Your copy should match the listing below word for word, with no images in it.

# # # # # # #

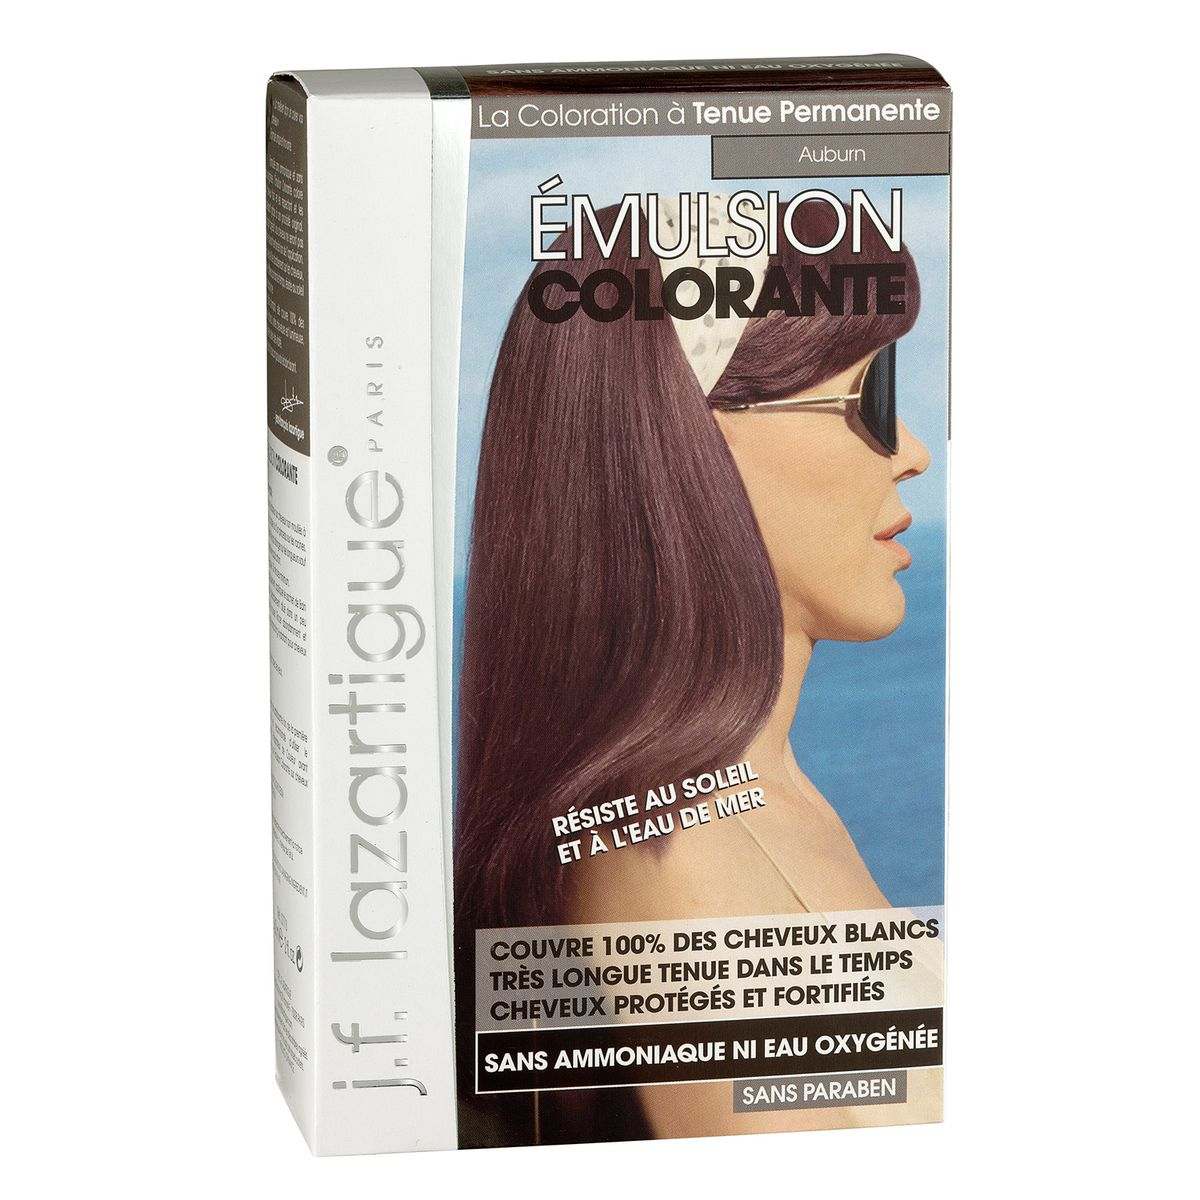 J.F.Lazartigue Оттеночная эмульсия для волос Рыжий 60 мл766549Благодаря оригинальной формуле полностью (на 100%) скрывает седину, длительное время сохраняет цвет, поддерживает здоровье и жизненную силу волос и сохраняет эти качества, несмотря на воздействие солнечных лучей, морской воды и прочих неблагоприятных экологических факторов. Не осветляет, не повреждает, а укрепляет волосы. Не содержит аммиака, перекиси водорода и парабенов. Не предназначена для окрашивания бровей и ресниц.
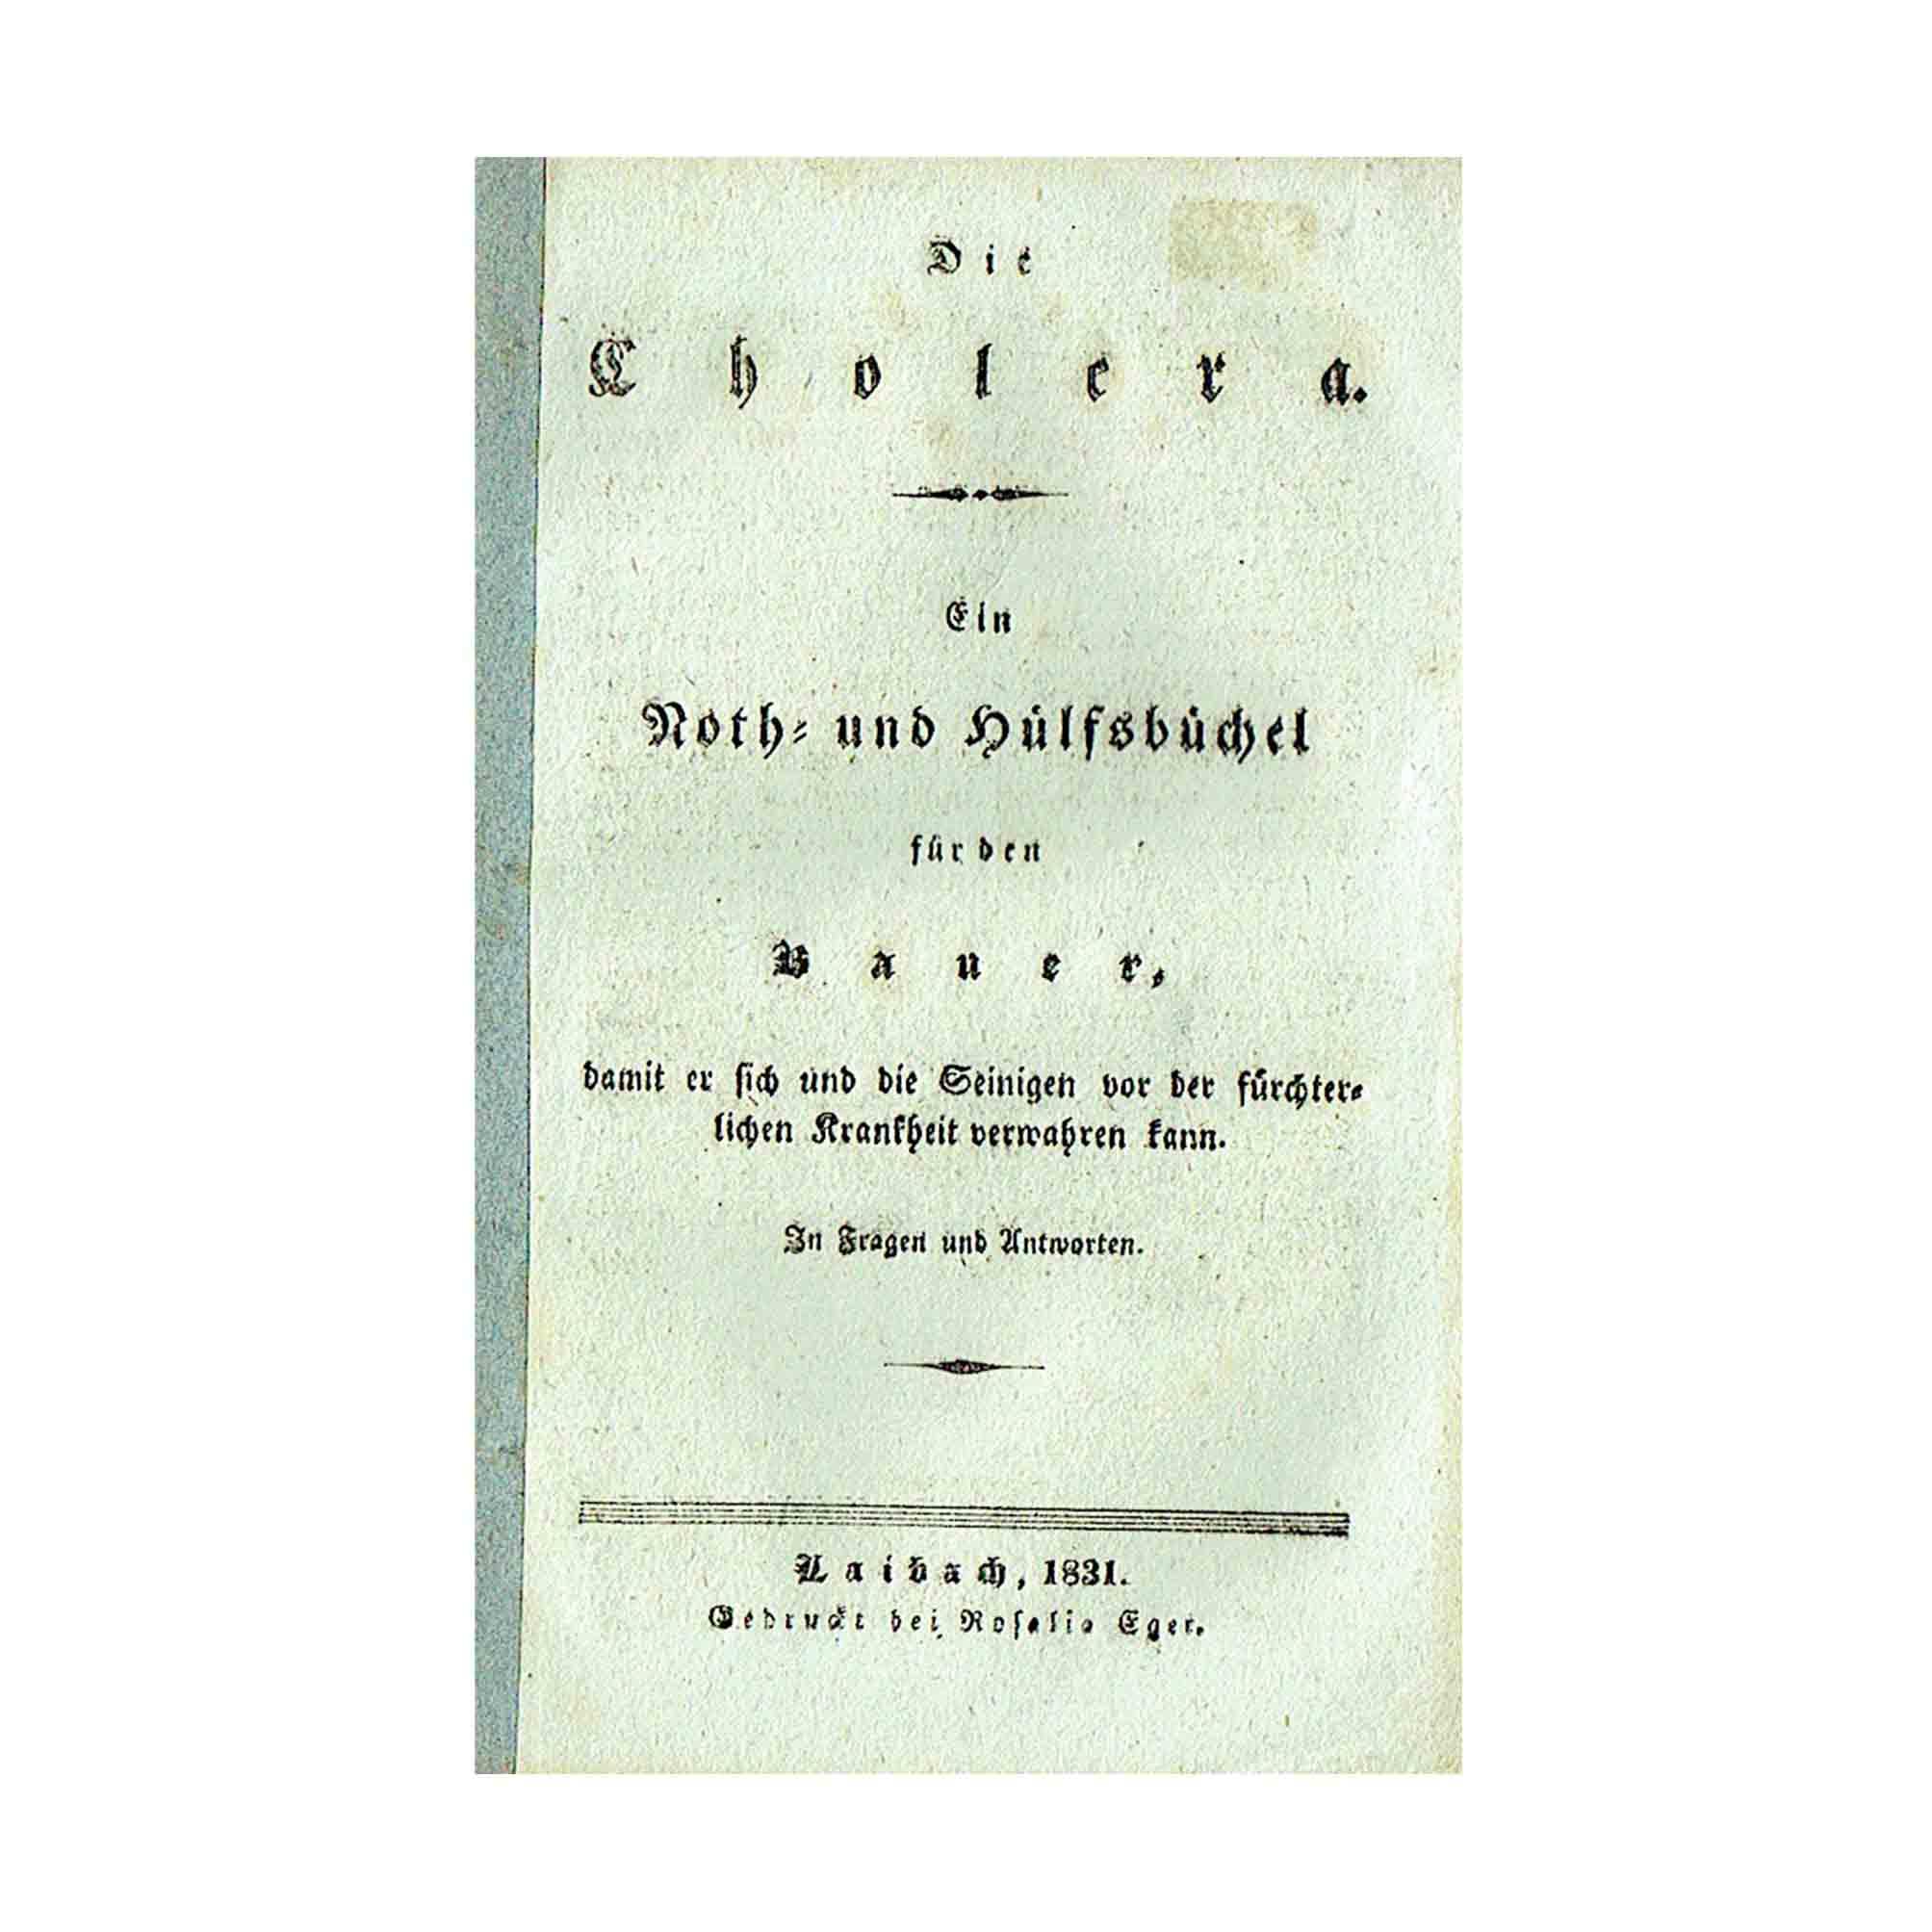 5928-Potocnik-Cholera-Krain-1831-Titel-N.jpeg
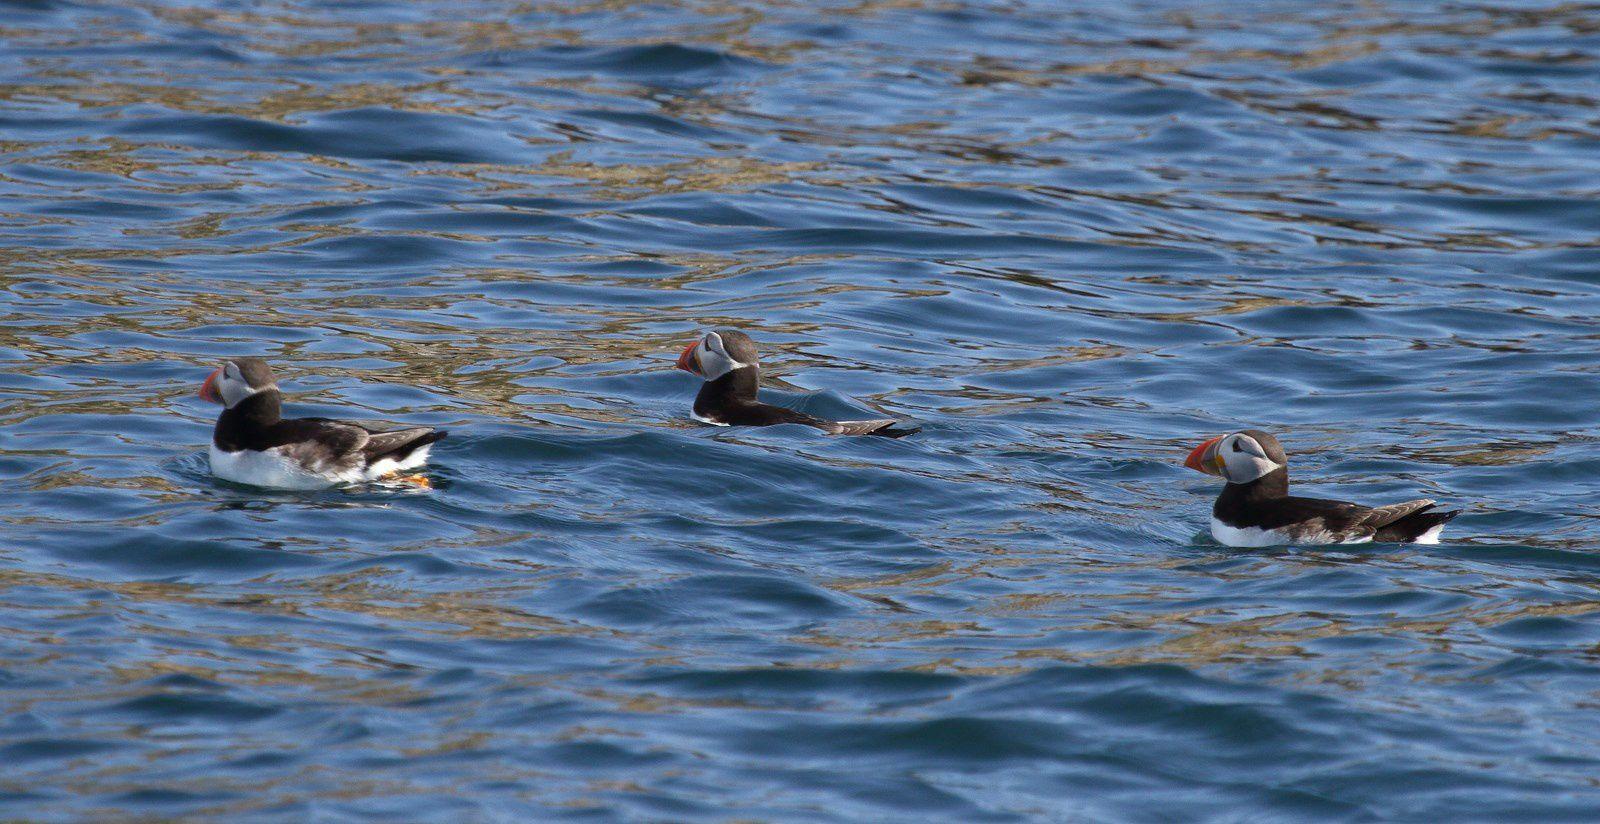 Un tour des sept îles avec la LPO m'a permis de découvrir les fous de bassan (superbe oiseau), les macareux, pingouins torda,phoques gris, cormorans huppés...
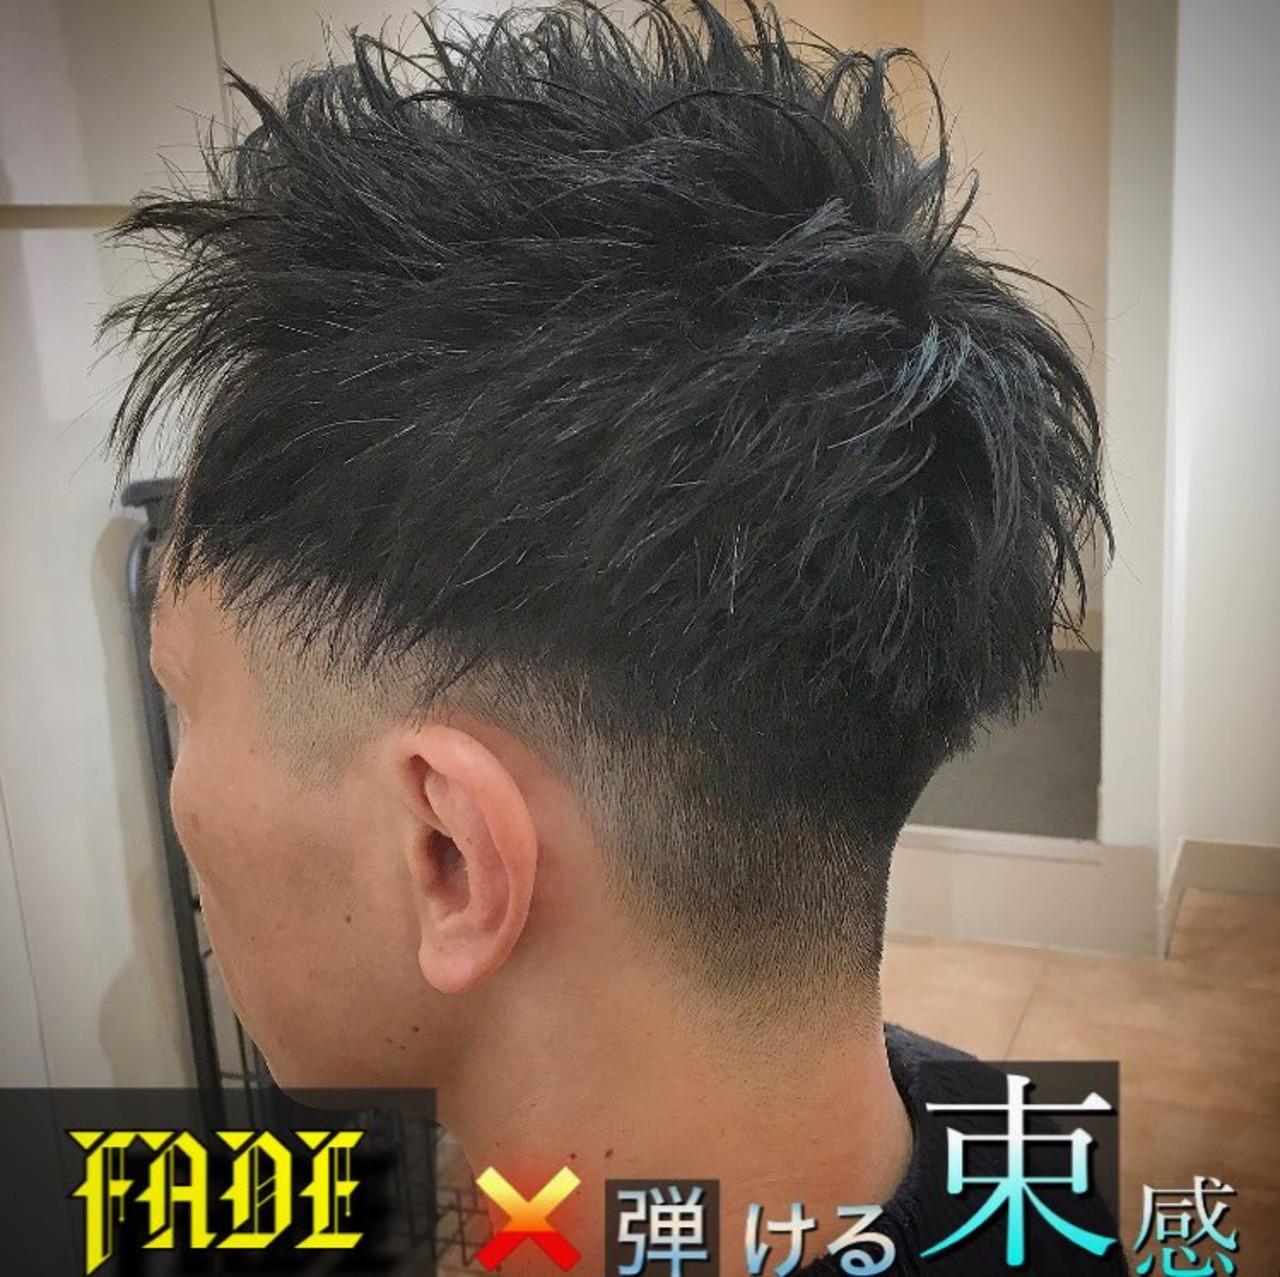 メンズ 束感 刈り上げ ツーブロック ヘアスタイルや髪型の写真・画像 | 平本 詠一 / fabris
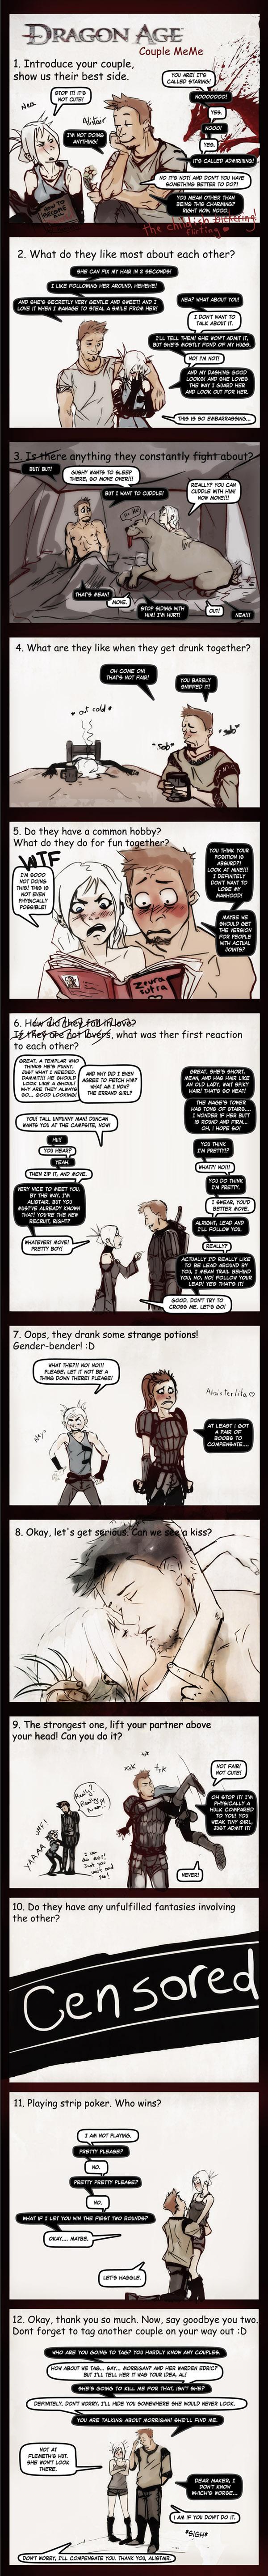 Dragon Age Couple Meme by chakhabit

# # # # # # #

### Result of this task:
 J.F.Lazartigue Оттеночная эмульсия для волос Рыжий 60 мл766549Благодаря оригинальной формуле полностью (на 100%) скрывает седину, длительное время сохраняет цвет, поддерживает здоровье и жизненную силу волос и сохраняет эти качества, несмотря на воздействие солнечных лучей, морской воды и прочих неблагоприятных экологических факторов. Не осветляет, не повреждает, а укрепляет волосы. Не содержит аммиака, перекиси водорода и парабенов. Не предназначена для окрашивания бровей и ресниц.
 5928-Potocnik-Cholera-Krain-1831-Titel-N.jpeg
 Un tour des sept îles avec la LPO m'a permis de découvrir les fous de bassan (superbe oiseau), les macareux, pingouins torda,phoques gris, cormorans huppés...
 メンズ 束感 刈り上げ ツーブロック ヘアスタイルや髪型の写真・画像 | 平本 詠一 / fabris
 Dragon Age Couple Meme by chakhabit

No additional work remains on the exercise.